[Dataset content]:

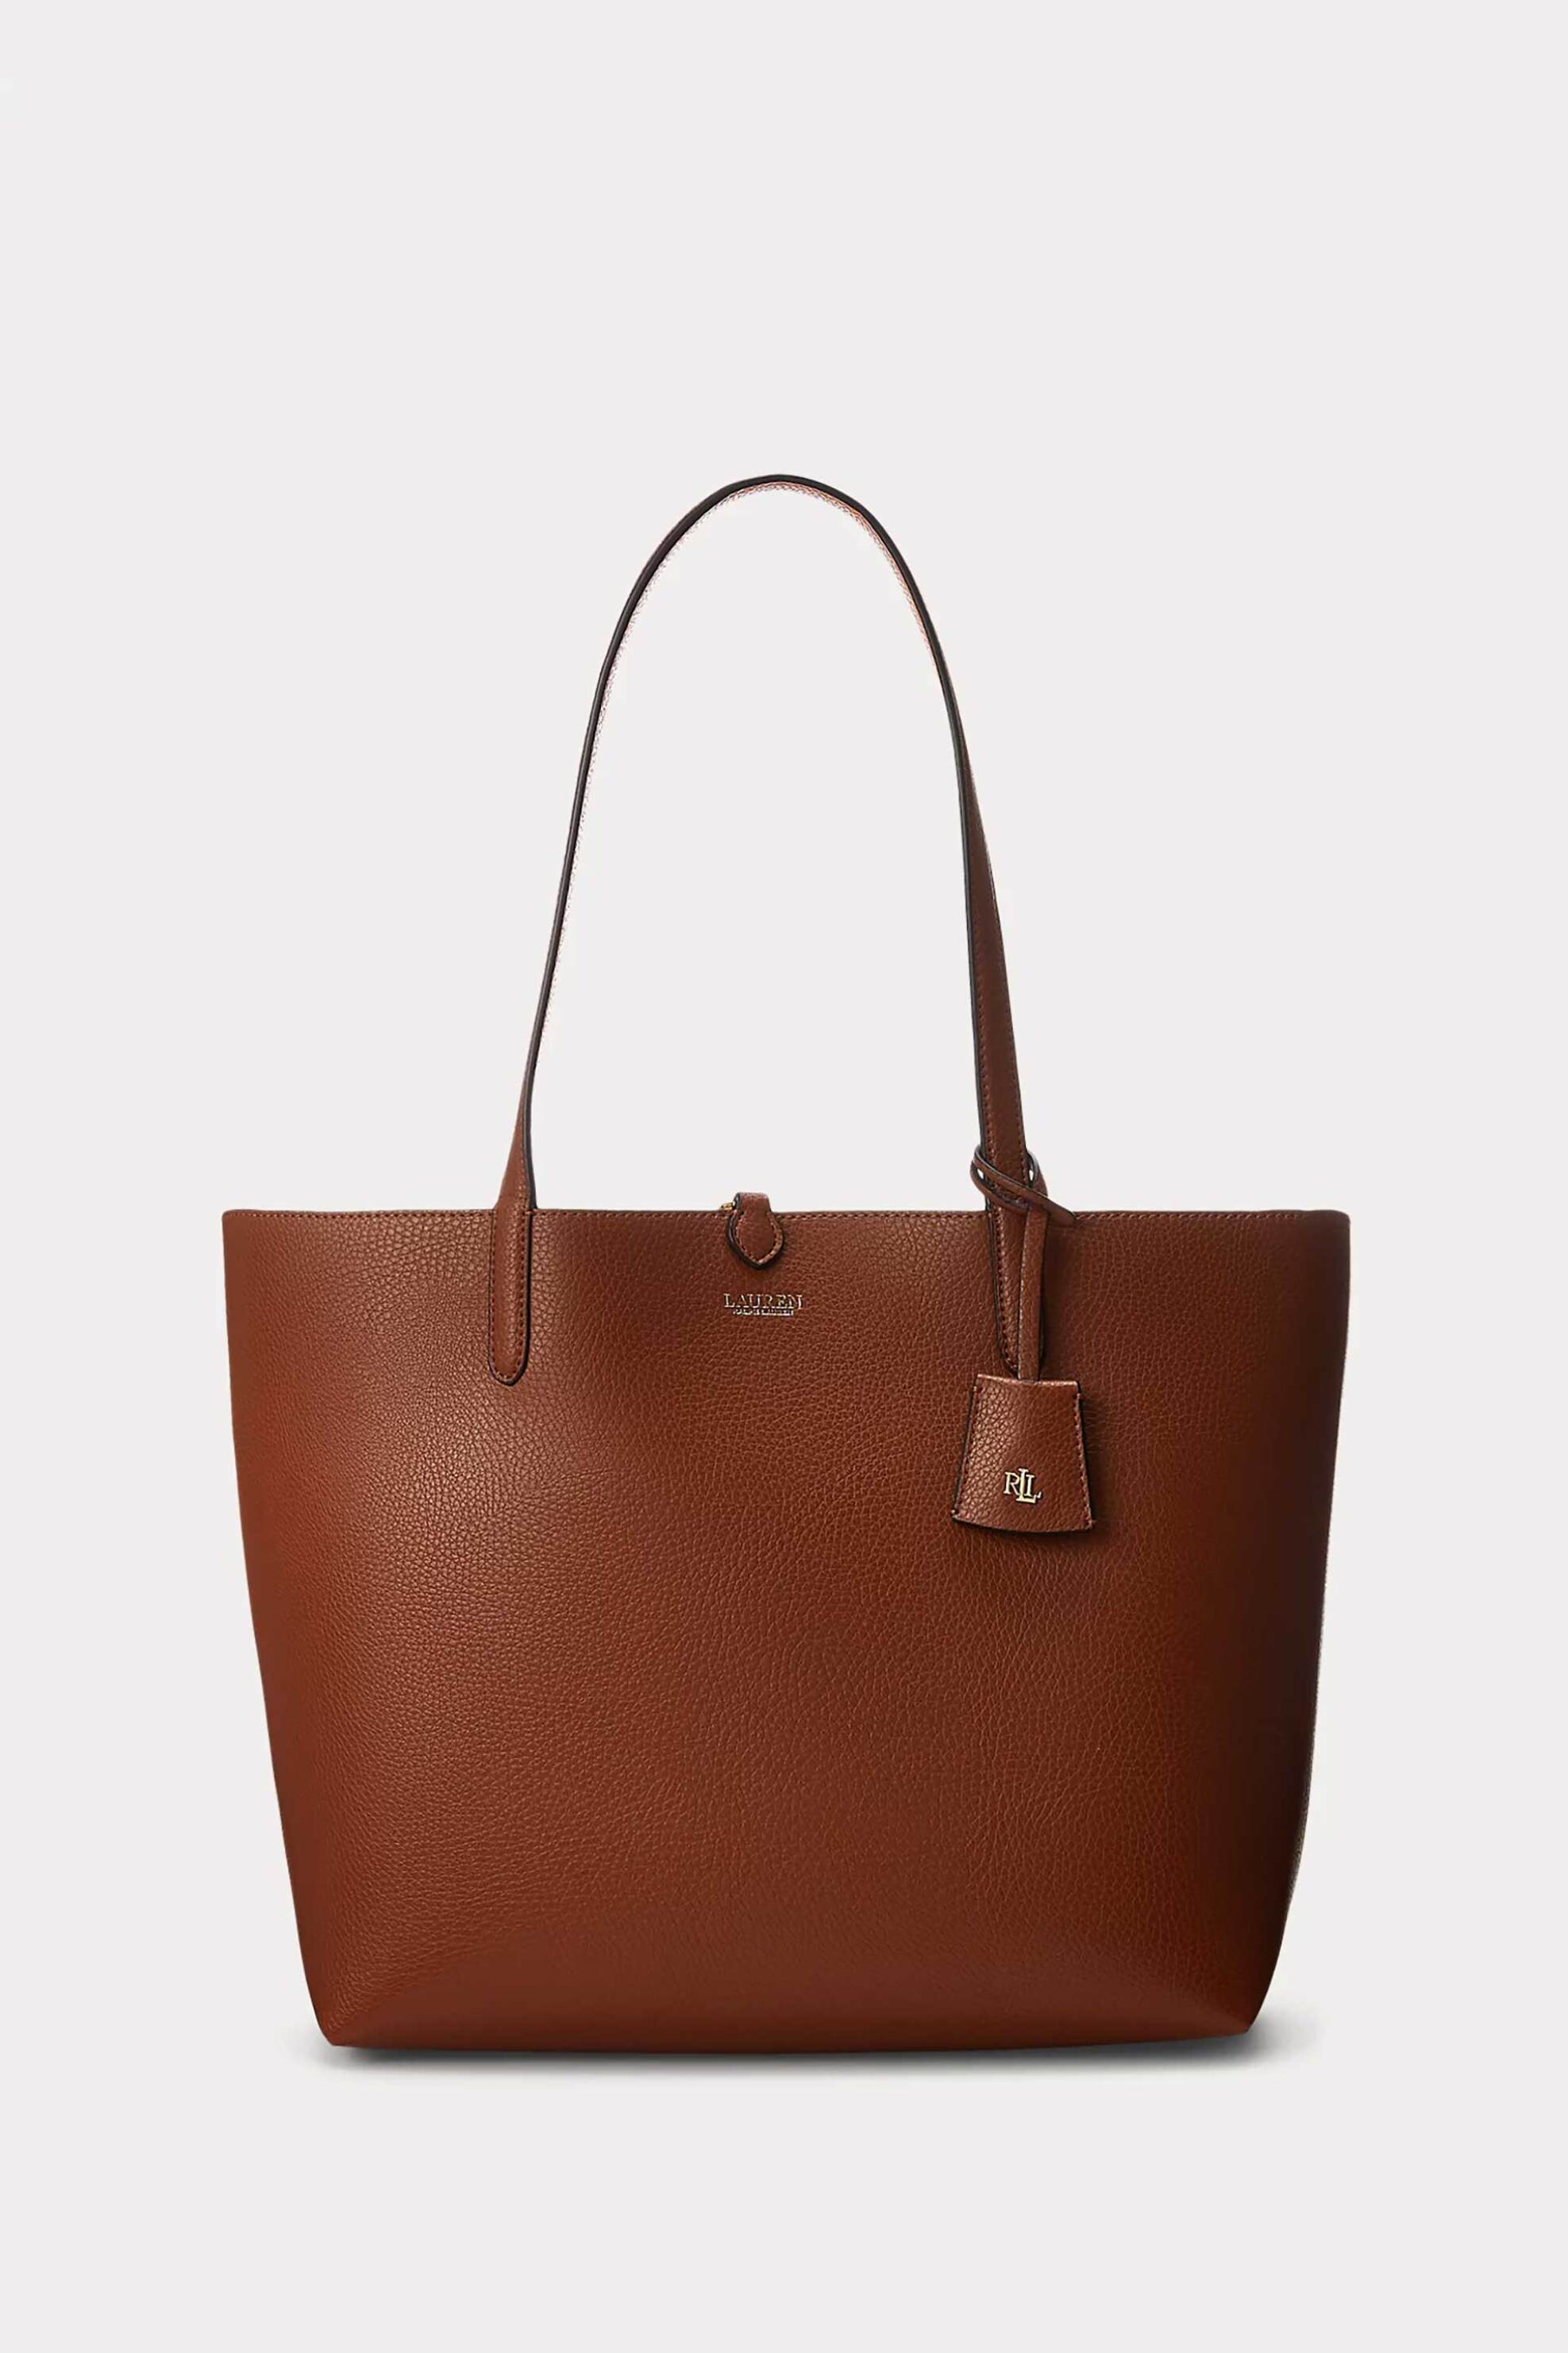 Γυναίκα > ΤΣΑΝΤΕΣ > Τσάντες Ώμου & Shopper Bags Lauren Ralph Lauren γυναικεία τσάντα tote διπλής όψης με σταμπωτό λογότυπο - 323-431795329/002 Ταμπά
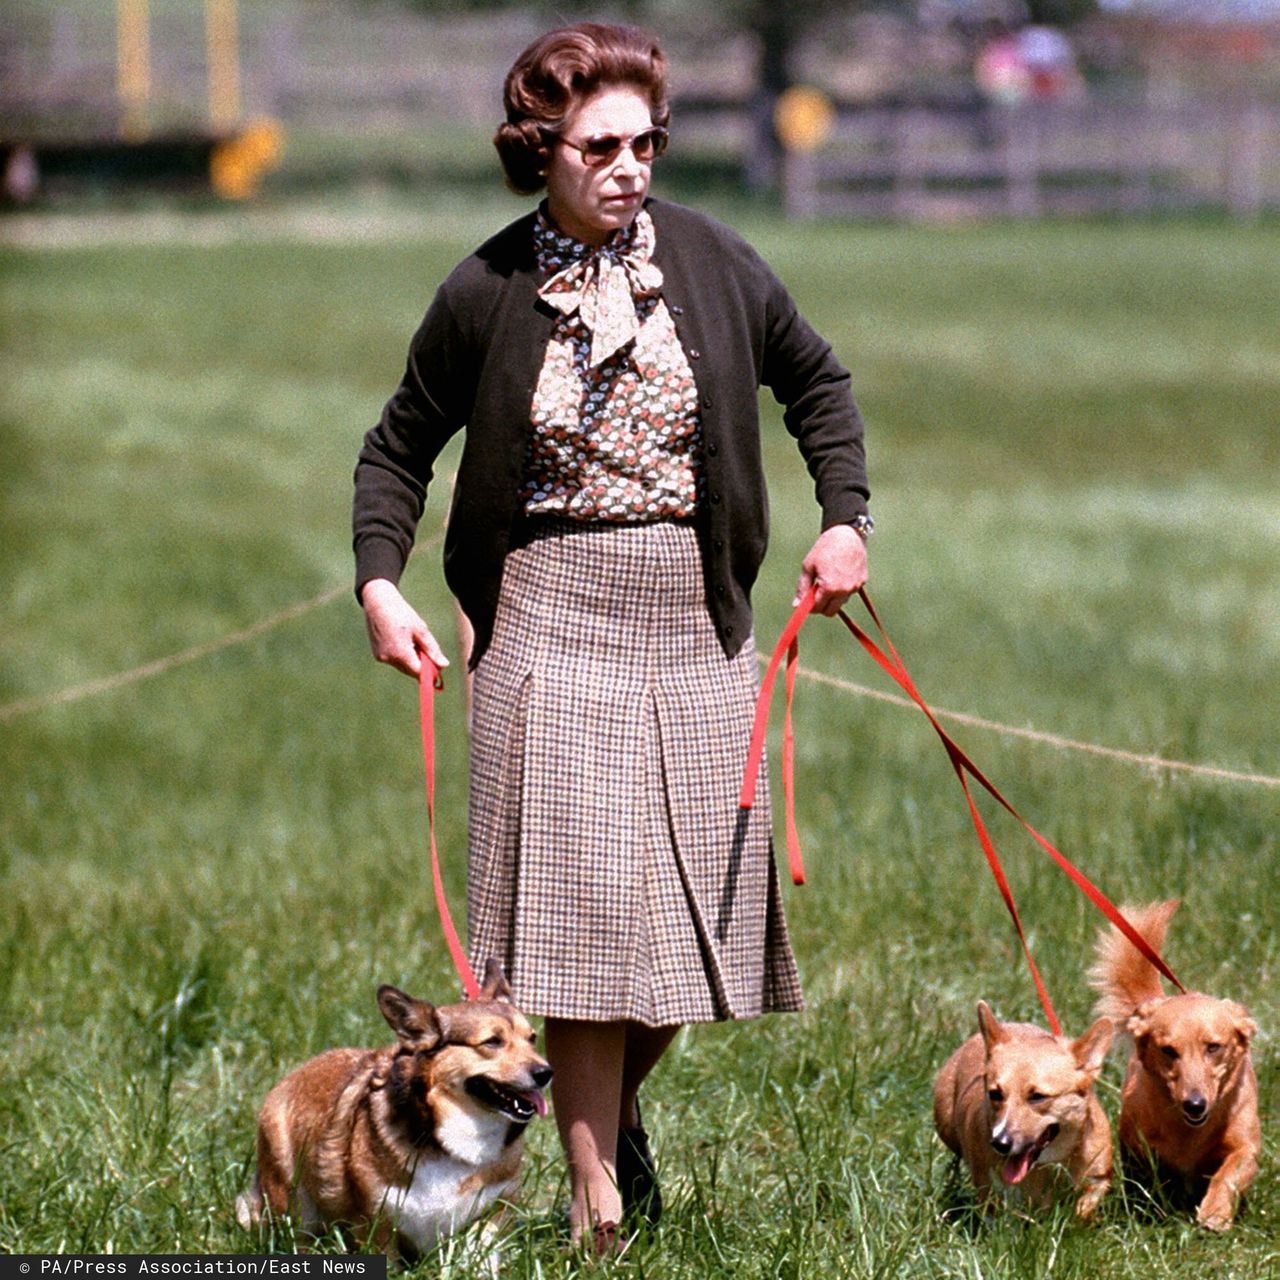 Królowa ELżbieta II i jej ukochane psy w 1980 r. (East News)
PA

[What is being asked]:
Please set down the lines above word for word and leave out the pictures.

[Task solution]:
 Γυναίκα > ΤΣΑΝΤΕΣ > Τσάντες Ώμου & Shopper Bags Lauren Ralph Lauren γυναικεία τσάντα tote διπλής όψης με σταμπωτό λογότυπο - 323-431795329/002 Ταμπά
 Królowa ELżbieta II i jej ukochane psy w 1980 r. (East News)
PA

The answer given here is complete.